Innovation in medical technology—spanning devices, diagnostics, software, and AI—creates enormous value. But capturing and protecting that value requires a thoughtful, multi-layered intellectual property (IP) strategy. This is especially true when navigating how to protect medical technology IP across key global markets, including the United States and Australia, where legal frameworks can differ in important ways. Below are seven key considerations companies should keep in mind when building and enforcing IP around medical technologies.

1. Build a Layered, Not Singular, IP Strategy

There is no one-size-fits-all patent for medical technology. The most effective strategies resemble a “picket fence,” including multiple layers of protection covering different aspects of a product.

This can include:

  • Device and system claims

  • Methods of treatment

  • Drug compositions or dosing regimens

  • Software and AI functionality

  • Design protection (including GUIs and product appearance)

A holistic approach strengthens enforceability and makes it harder for competitors to design around your innovation.

2. Don’t Overlook Design Protection

Design patents (or design rights) are often underutilized in medtech, but can be highly effective, especially against knockoffs.

They can protect:

  • The visual appearance of devices

  • Graphical user interfaces (GUIs)

  • User experience elements

In some cases, design rights are faster and easier to enforce than utility patents, particularly when stopping copycat products entering the market.

3. Understand What Makes Diagnostics Patentable

Diagnostics are patentable—but not automatically.

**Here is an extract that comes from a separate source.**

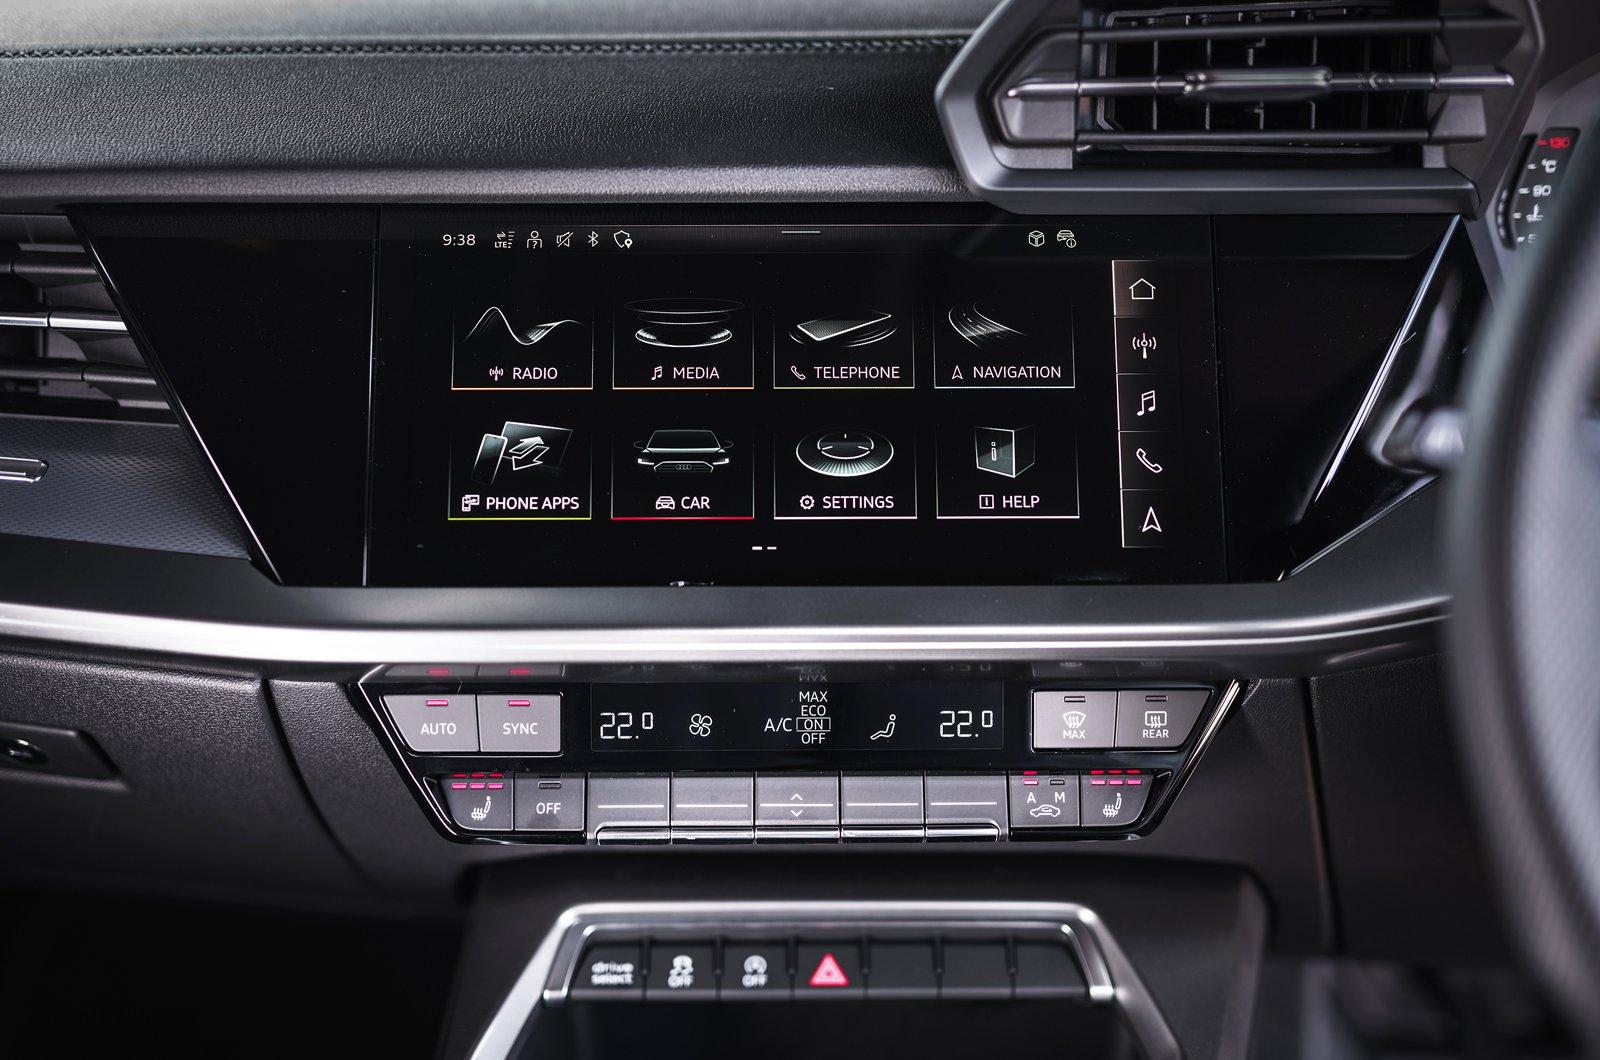 Audi A3 Sportback 2020 touchscreen

The key challenge is avoiding claims that are considered:

  • Natural phenomena

  • Abstract ideas

  • Pure data observation without application

To strengthen patentability, claims should:

  • Include a concrete application (e.g., treatment steps) at least in dependent claims

  • Demonstrate a technical improvement, a novel system, and/or novel compositions that do not exist in nature

  • Go beyond merely identifying a biological correlation

  • Consider the importance of in vitro or ex vivo processes separately to any sample collection or in vivo treatment

In practice, tying diagnostics to actionable outcomes as well as new physical designs and/or compositions often improves success.

4. Treat Software and AI as Technical Innovations

AI is not treated as a special category of invention—it’s evaluated like software.

To be patentable, software-based innovations should:

  • Demonstrate a technical improvement (e.g., better accuracy, efficiency, or processing)

  • Go beyond applying known algorithms to new data

  • Show how the system improves underlying technology or functionality

  • Result in a concrete outcome for a system or process

Simply applying AI to a new medical use case is usually not enough without a technical contribution.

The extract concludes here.